**Information given**
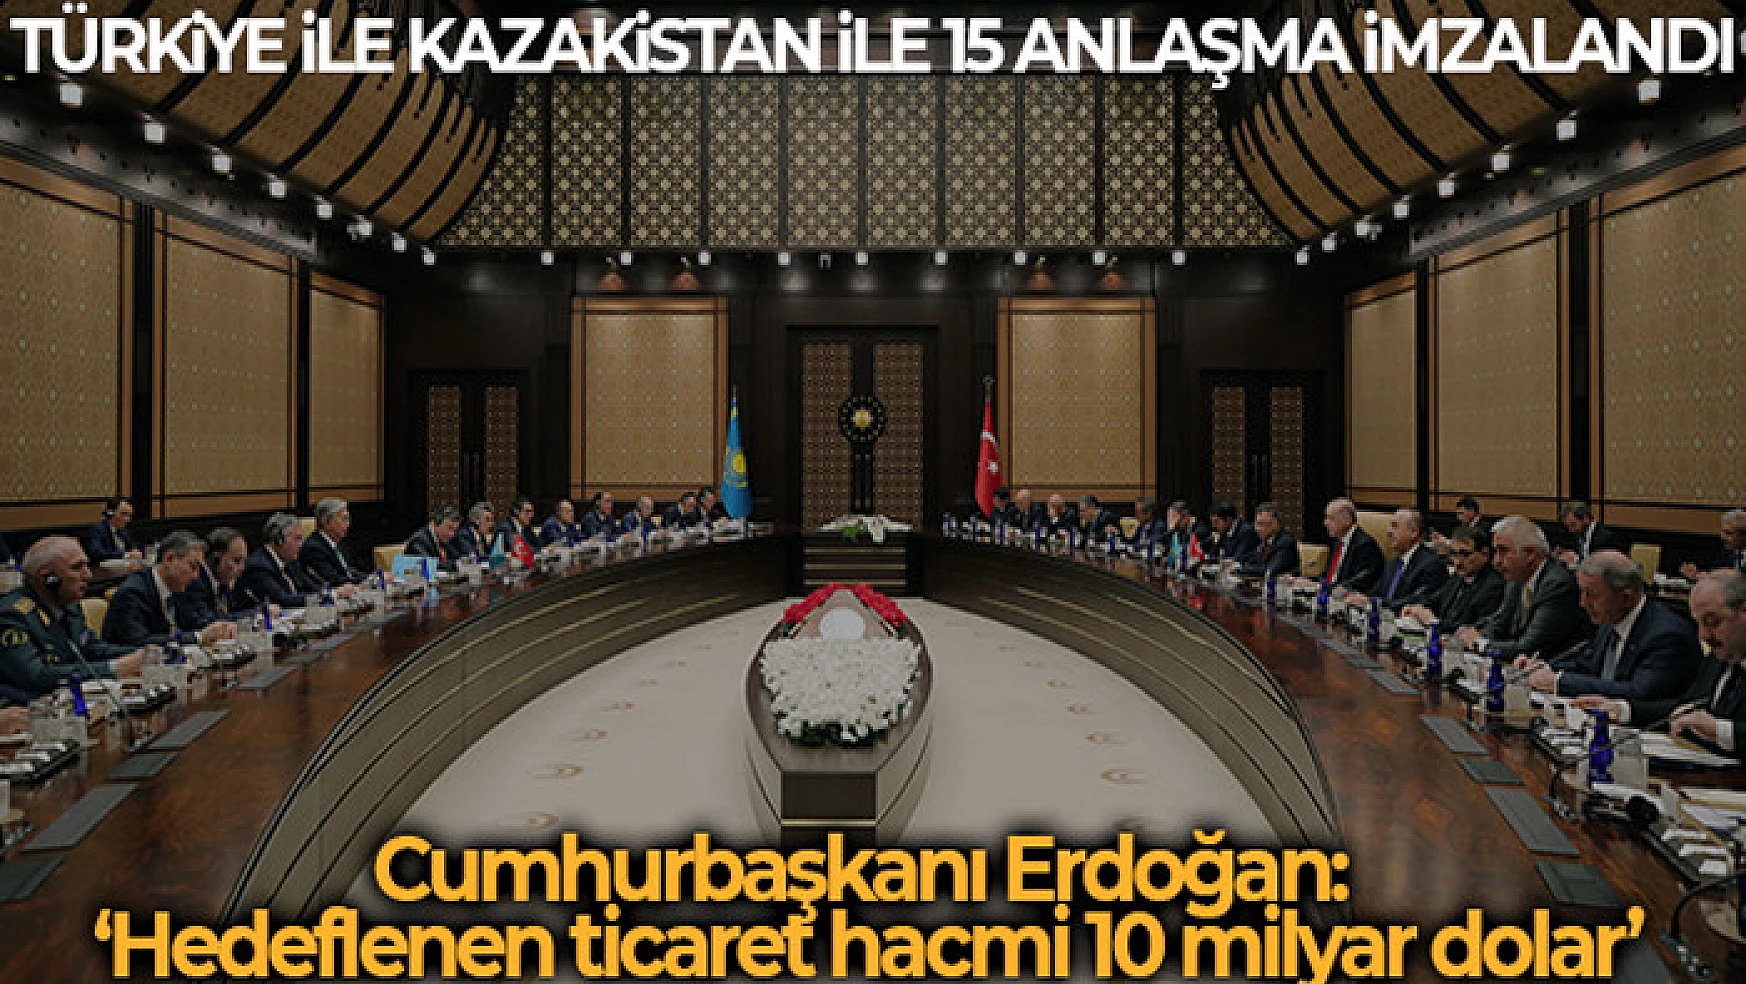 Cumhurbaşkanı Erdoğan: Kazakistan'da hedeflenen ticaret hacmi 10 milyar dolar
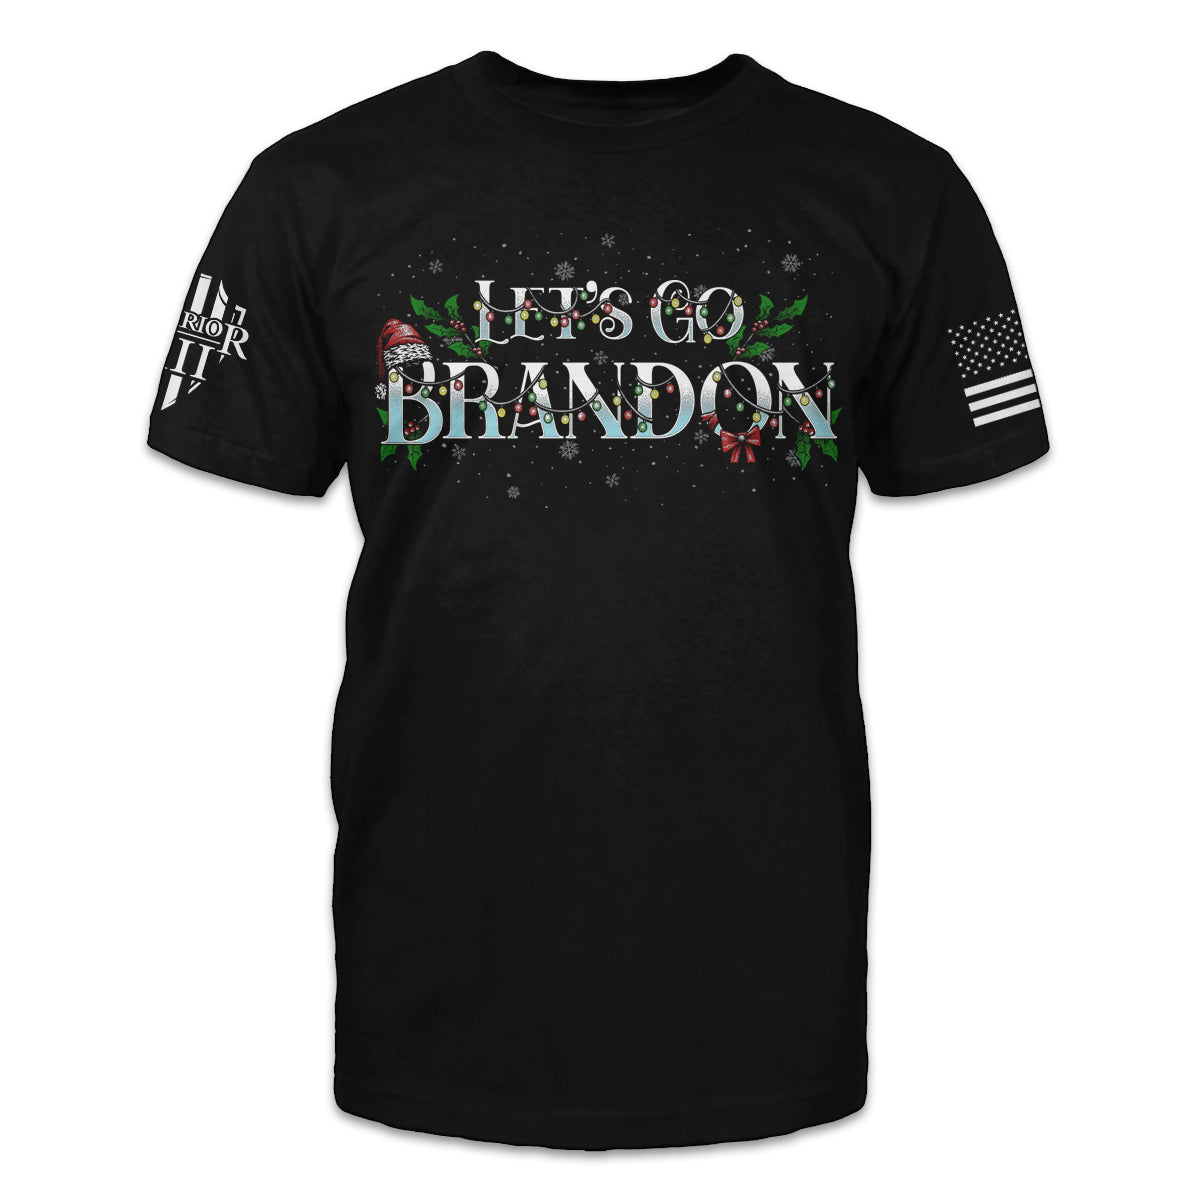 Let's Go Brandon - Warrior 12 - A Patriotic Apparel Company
...
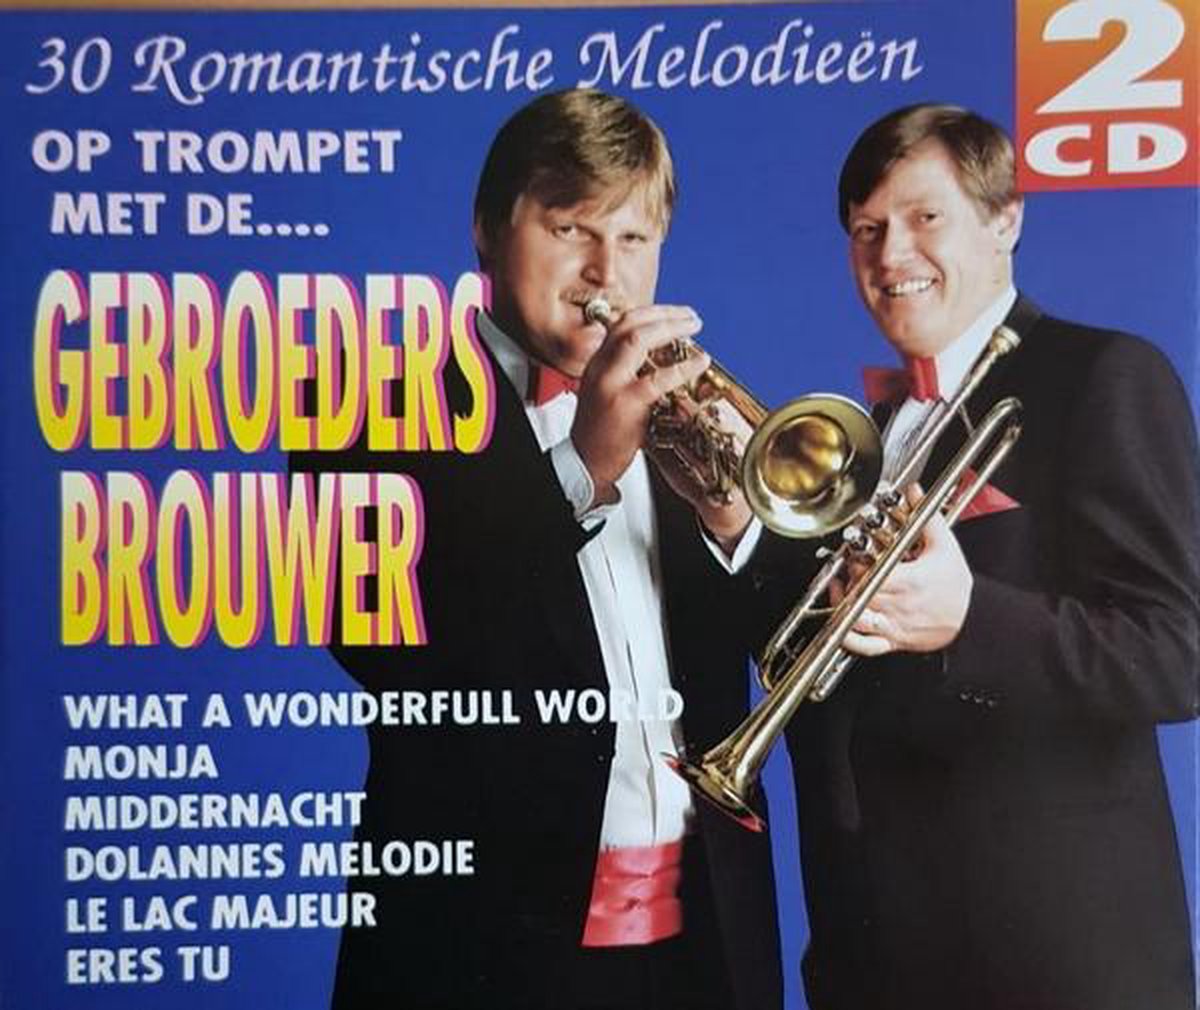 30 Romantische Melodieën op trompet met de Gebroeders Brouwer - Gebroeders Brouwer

**Brief**
Only one stretch of the entries above is needed: the lines from the one containing "Cumhurbaşkanı Erdoğan: Kazakistan'da" through the one containing "Let's Go Brandon". Copy it exactly, without the pictures.

**Output below**
 Cumhurbaşkanı Erdoğan: Kazakistan'da hedeflenen ticaret hacmi 10 milyar dolar
 Let's Go Brandon - Warrior 12 - A Patriotic Apparel Company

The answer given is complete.